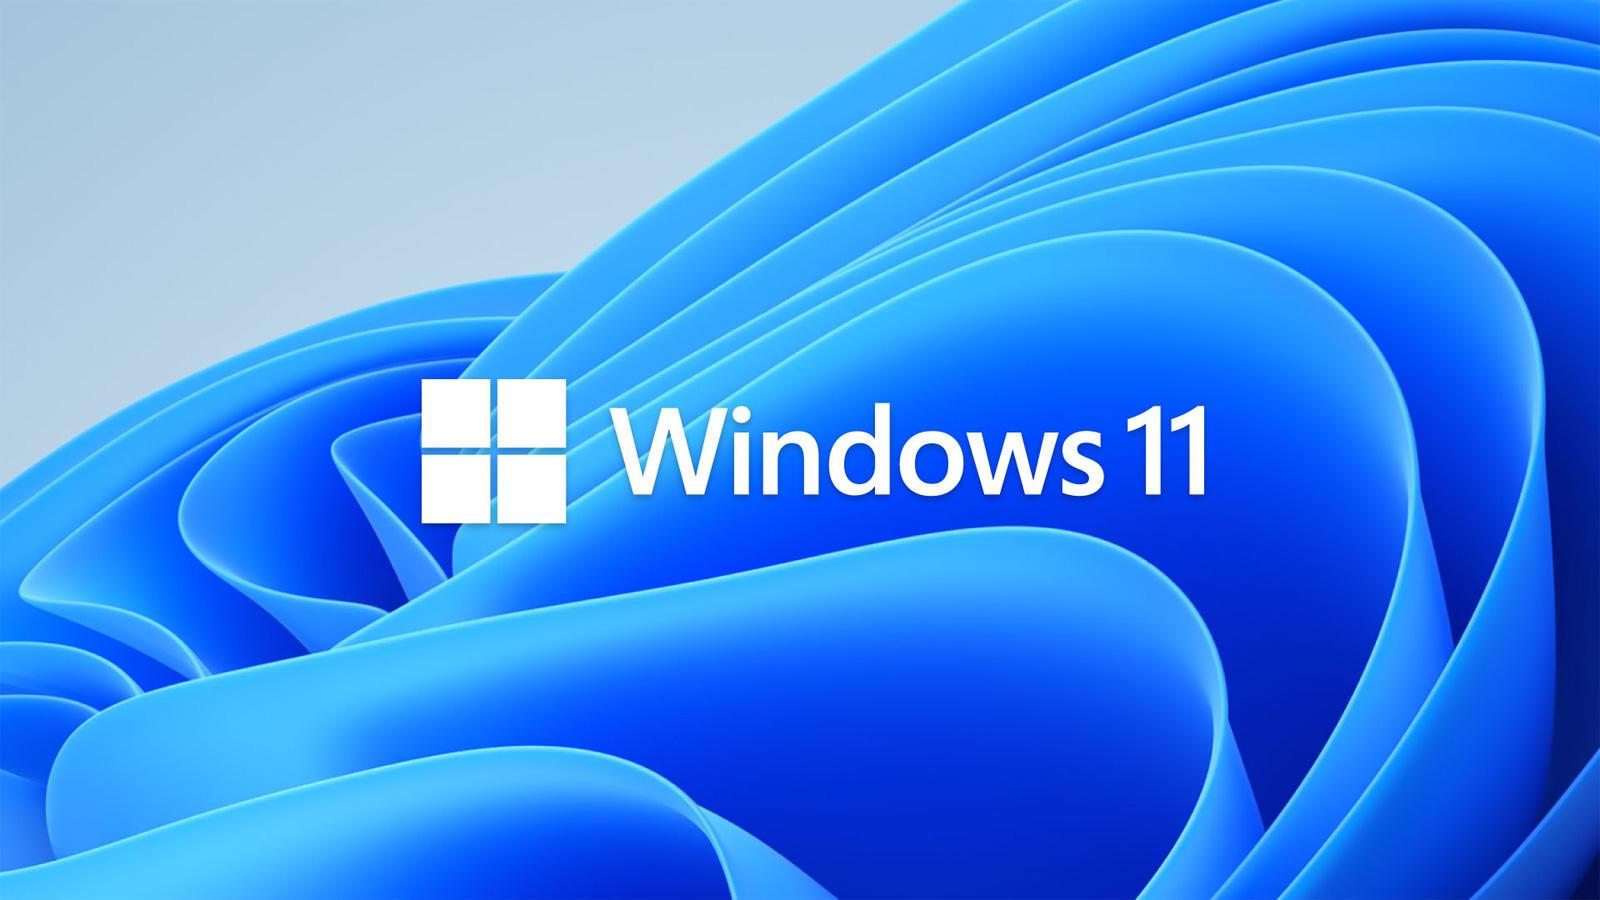 New Windows 11 Dev build released with Microsoft 365 Widget
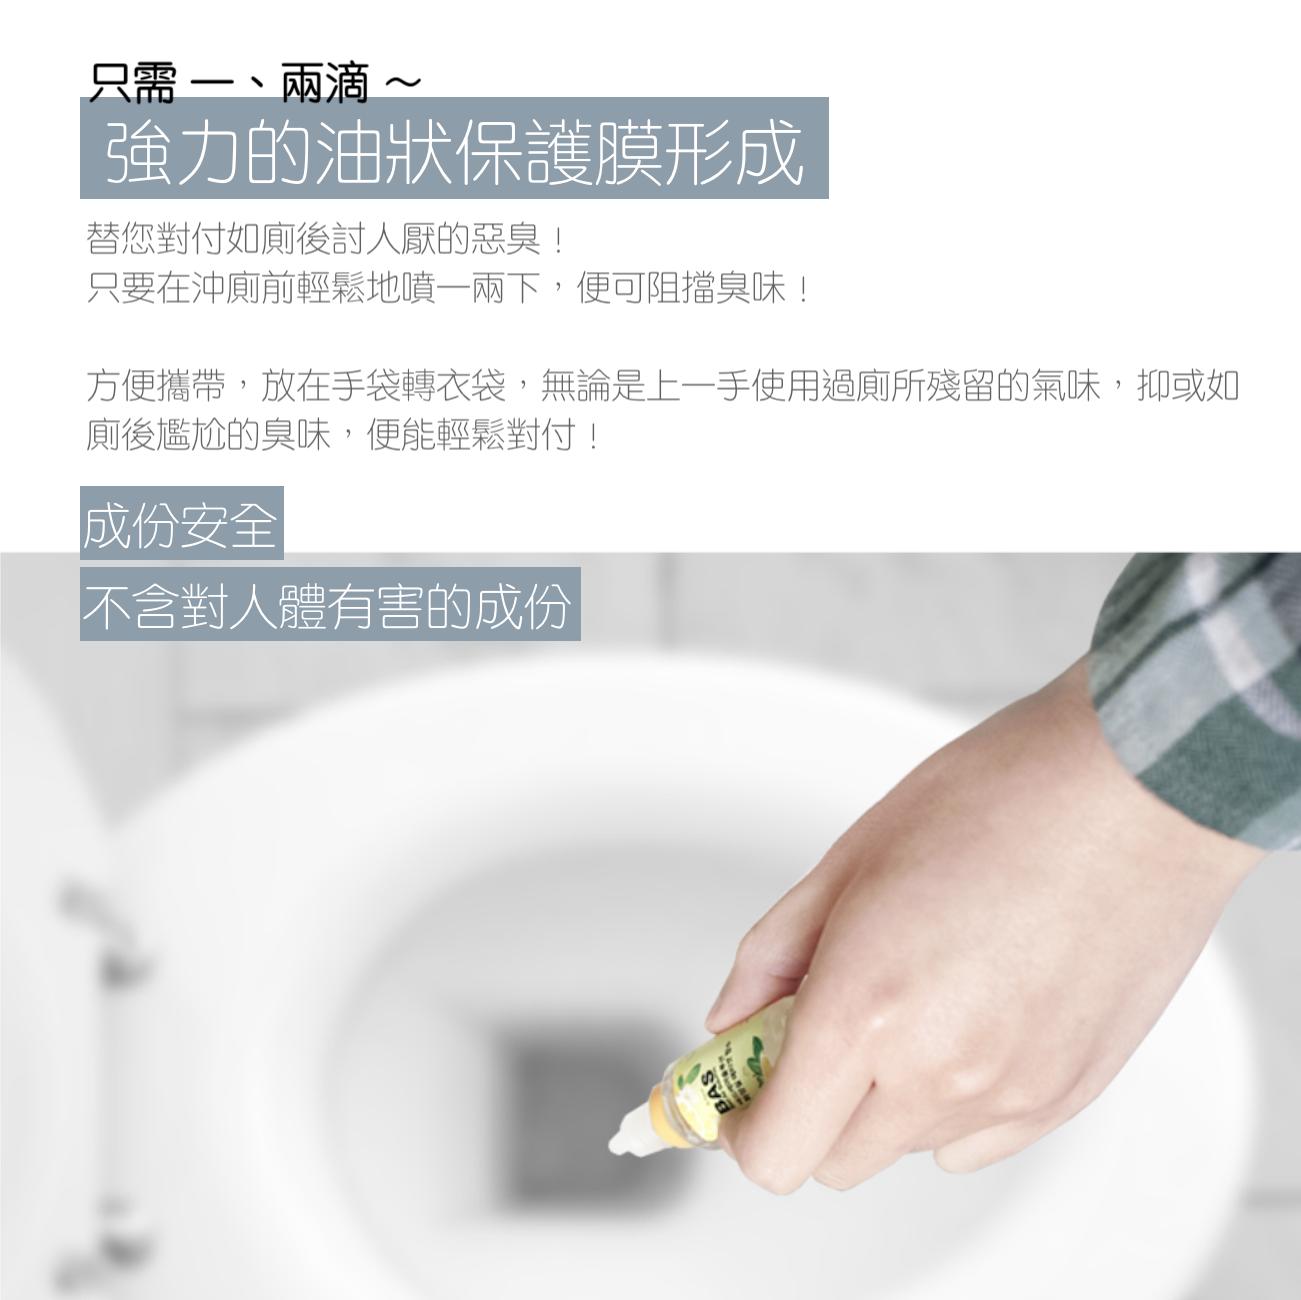 [shiPAPA] 廁所芳香劑 20ml 2 Flavours|韓國直送|香港 澳門
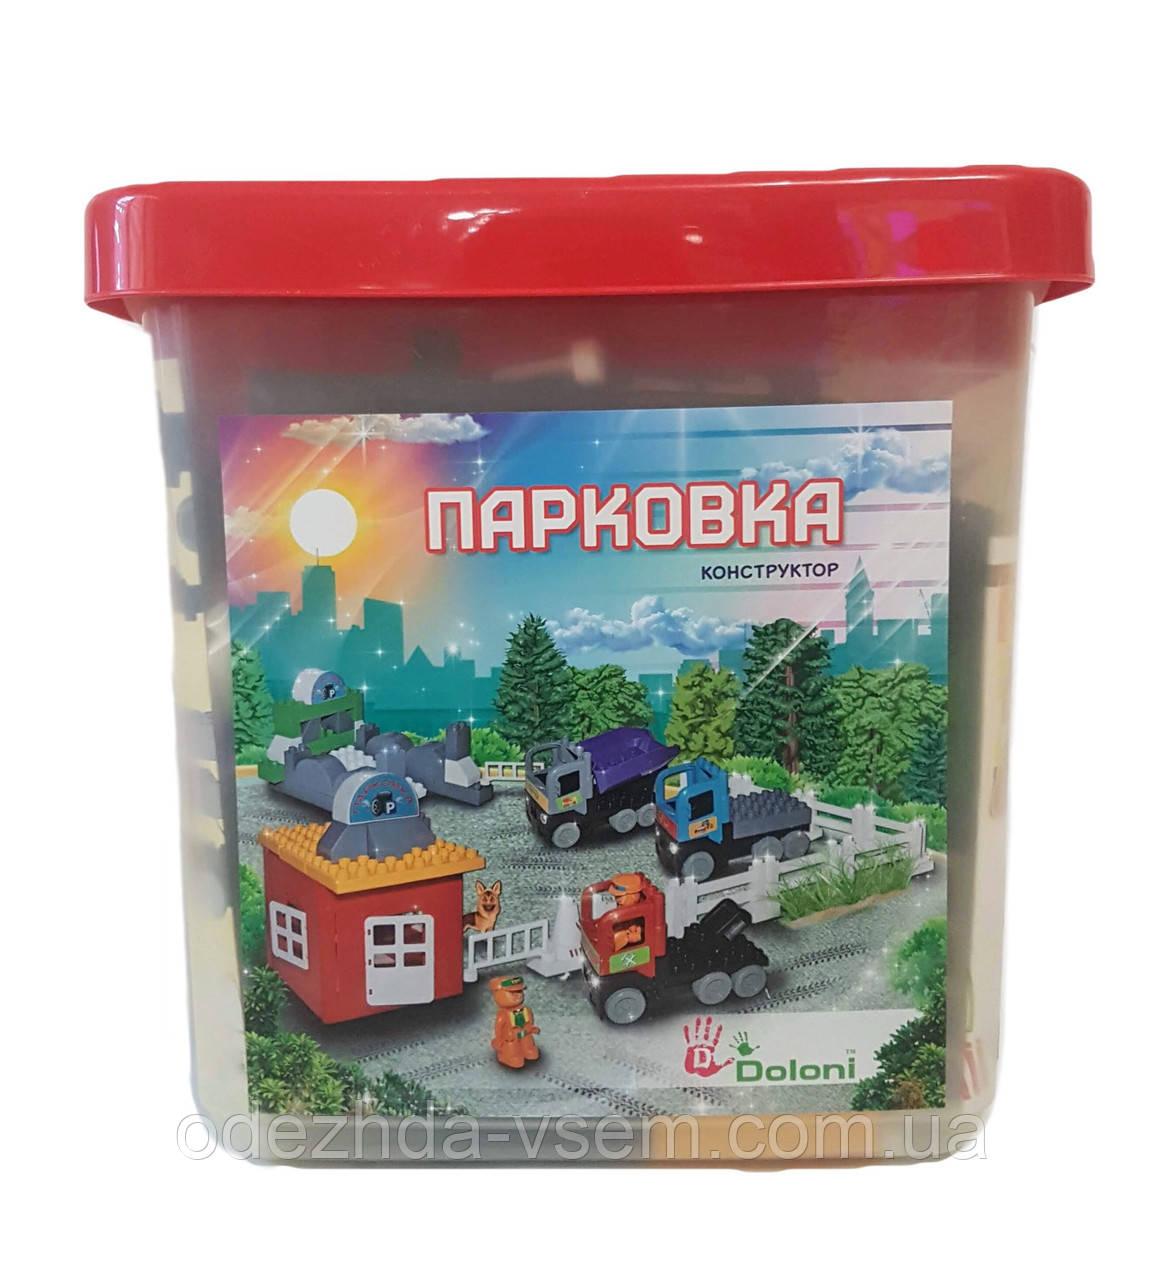 Конструктор Парковка 124 дет ( розмір Lego Duplo)

**YOUR TASK**: Set down the data above word for word, leaving every picture out.

**OUTPUT OF THE TASK**:
 New Windows 11 Dev build released with Microsoft 365 Widget
 [shiPAPA] 廁所芳香劑 20ml 2 Flavours|韓國直送|香港 澳門
 Конструктор Парковка 124 дет ( розмір Lego Duplo)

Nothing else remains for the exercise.